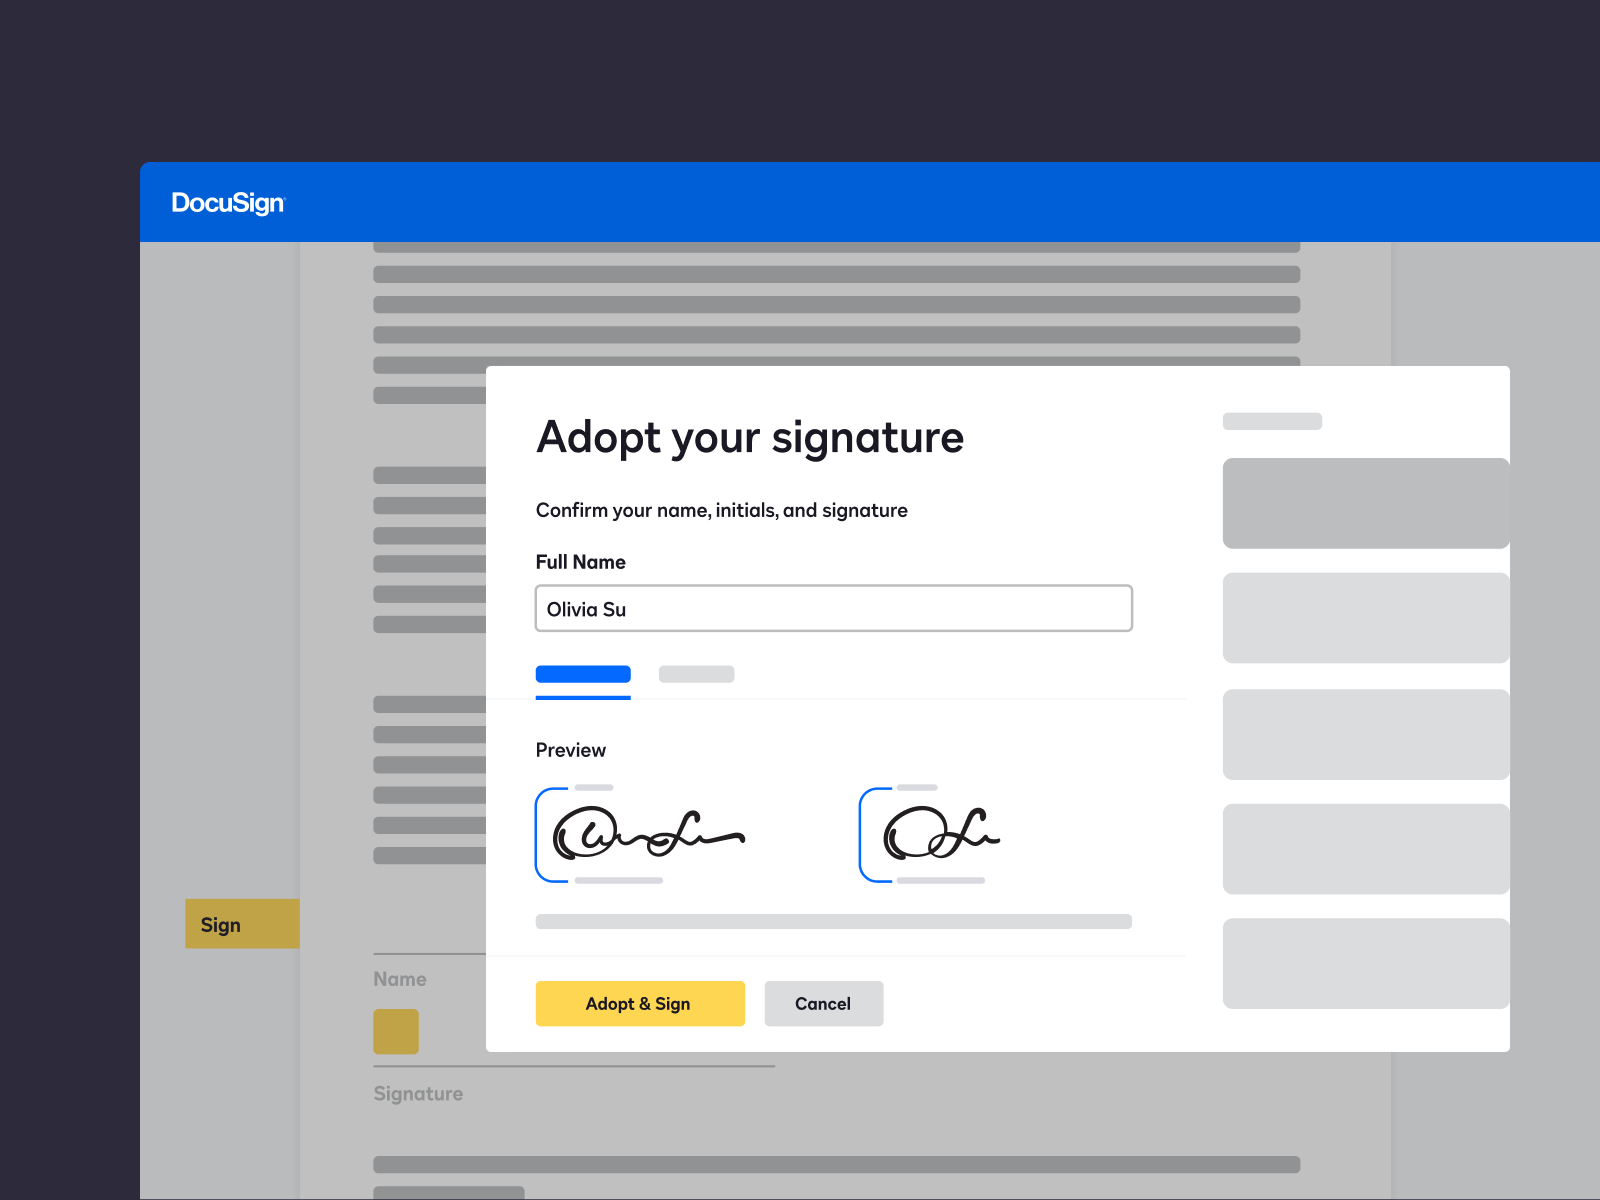 DocuSign Products | DocuSign
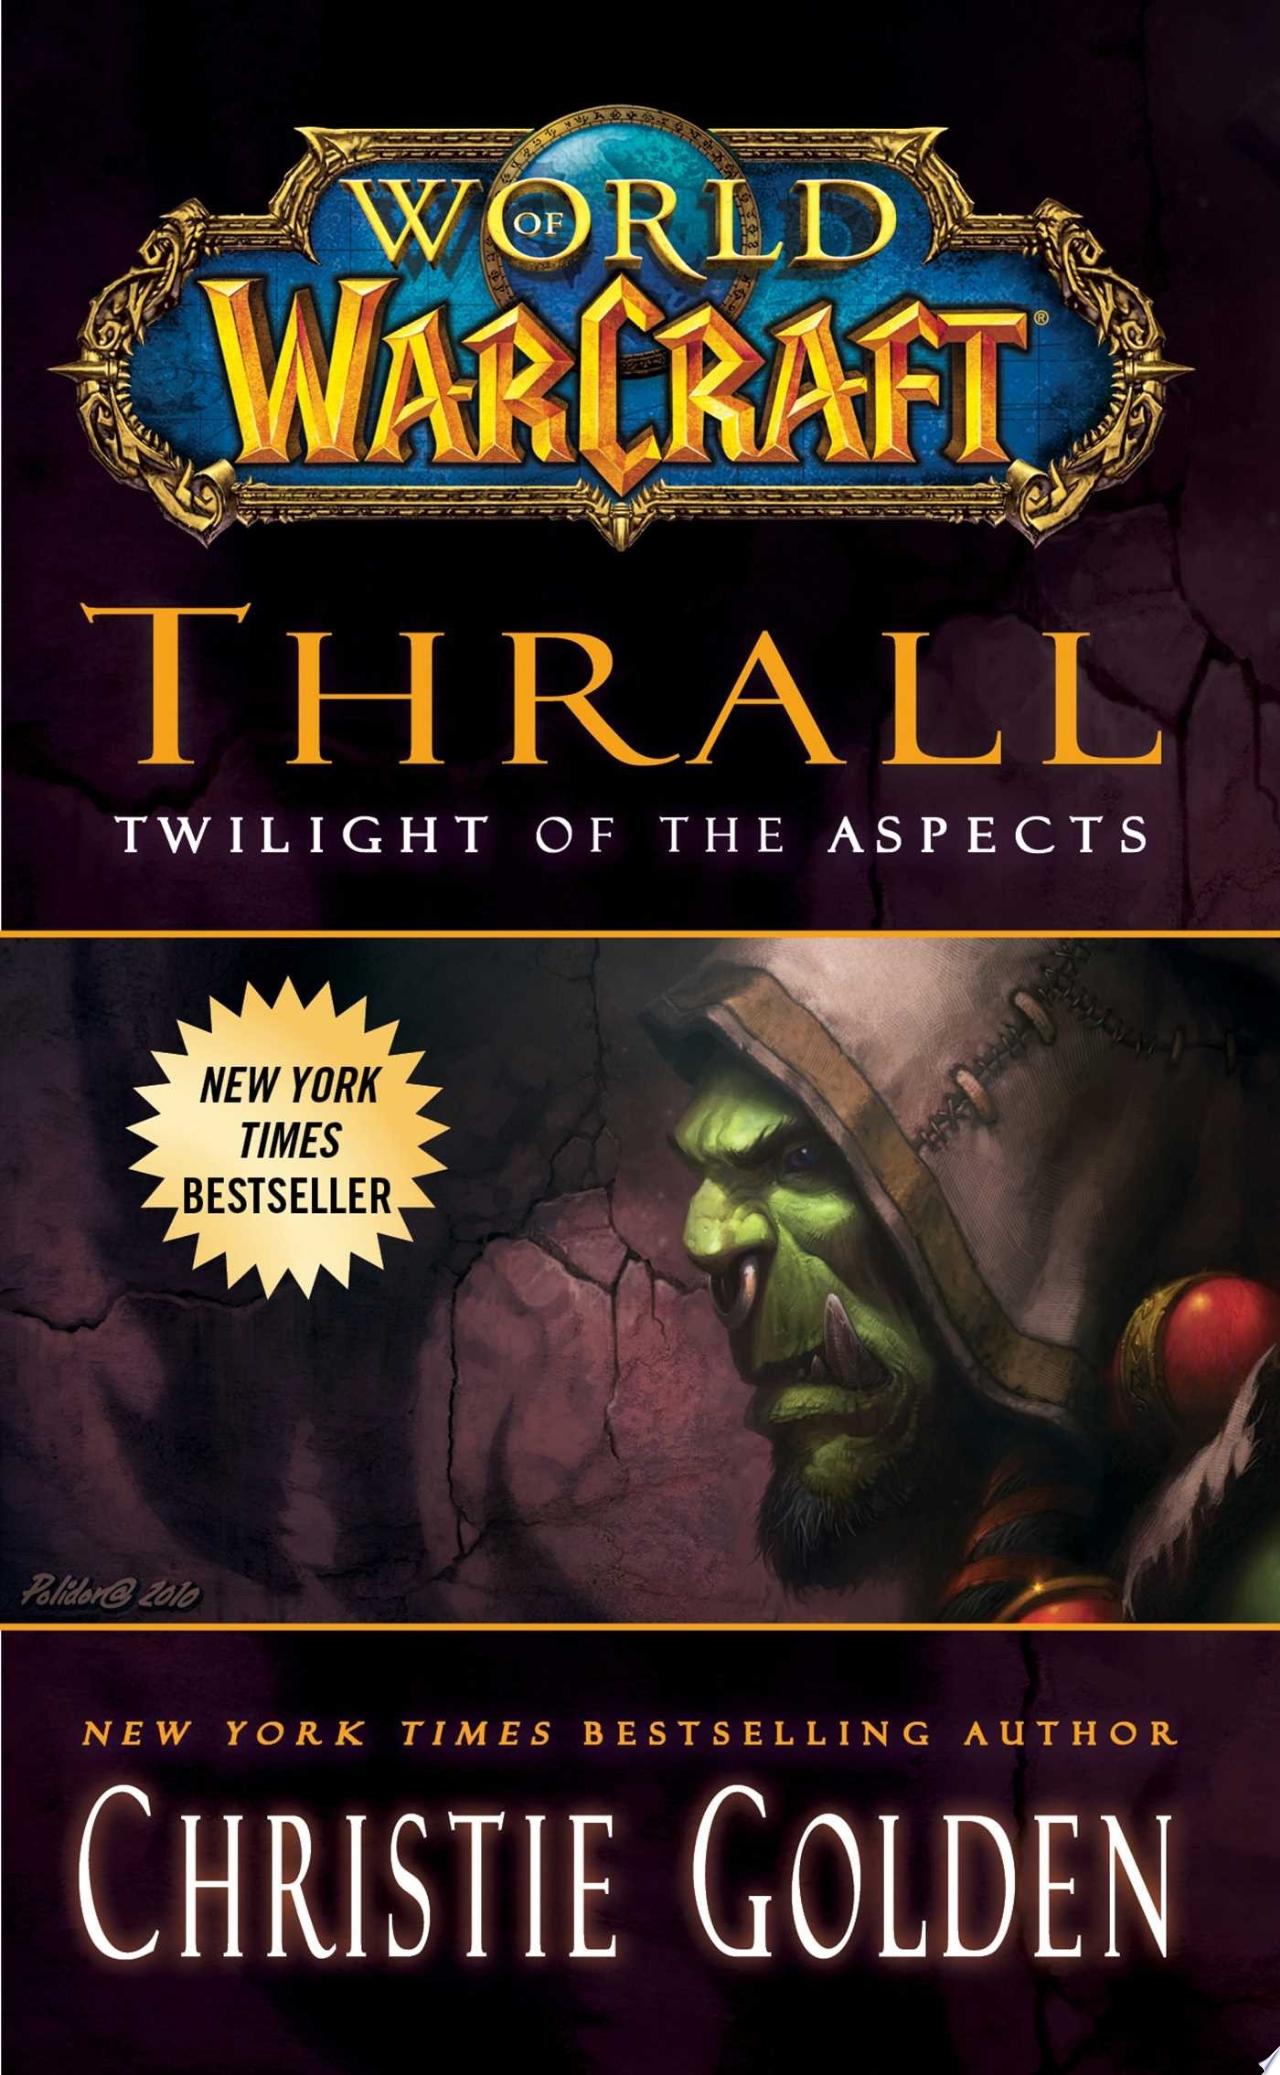 Book Cover for World of Warcraft: Thrall: Twilight of the Aspects
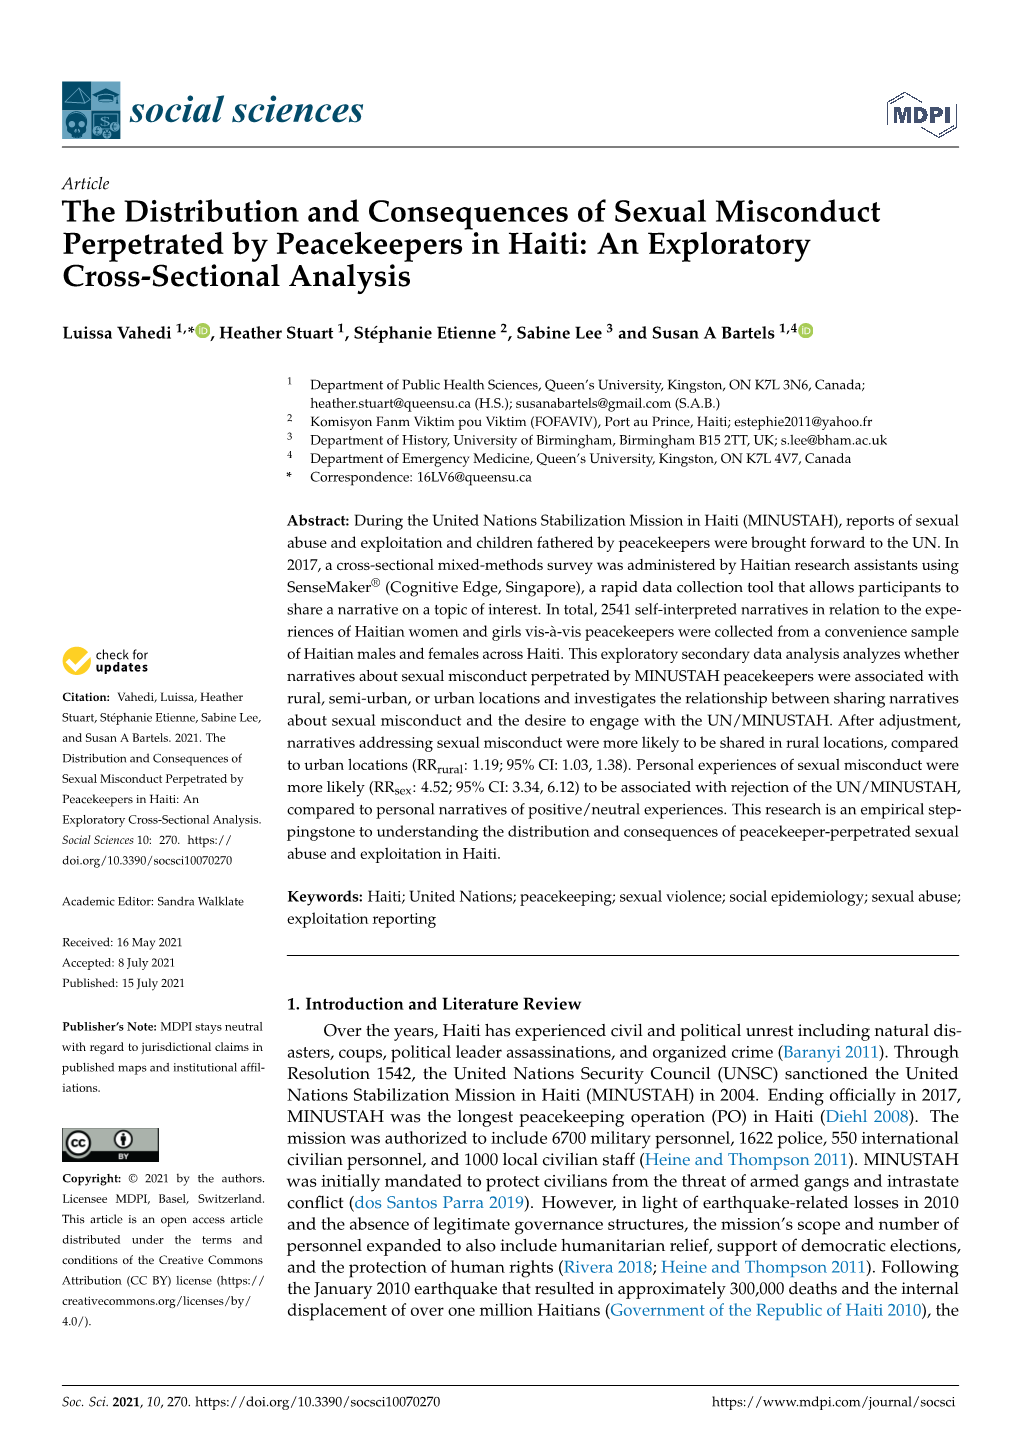 The Distribution and Consequences of Sexual Misconduct Perpetrated by Peacekeepers in Haiti: an Exploratory Cross-Sectional Analysis

ASSIGNMENT: Take the line containing "Book Cover for" through the last line of the material and retype exactly those lines, both ends included, with no pictures.

RESULT OF THE TASK:
 Book Cover for World of Warcraft: Thrall: Twilight of the Aspects
 The Distribution and Consequences of Sexual Misconduct Perpetrated by Peacekeepers in Haiti: an Exploratory Cross-Sectional Analysis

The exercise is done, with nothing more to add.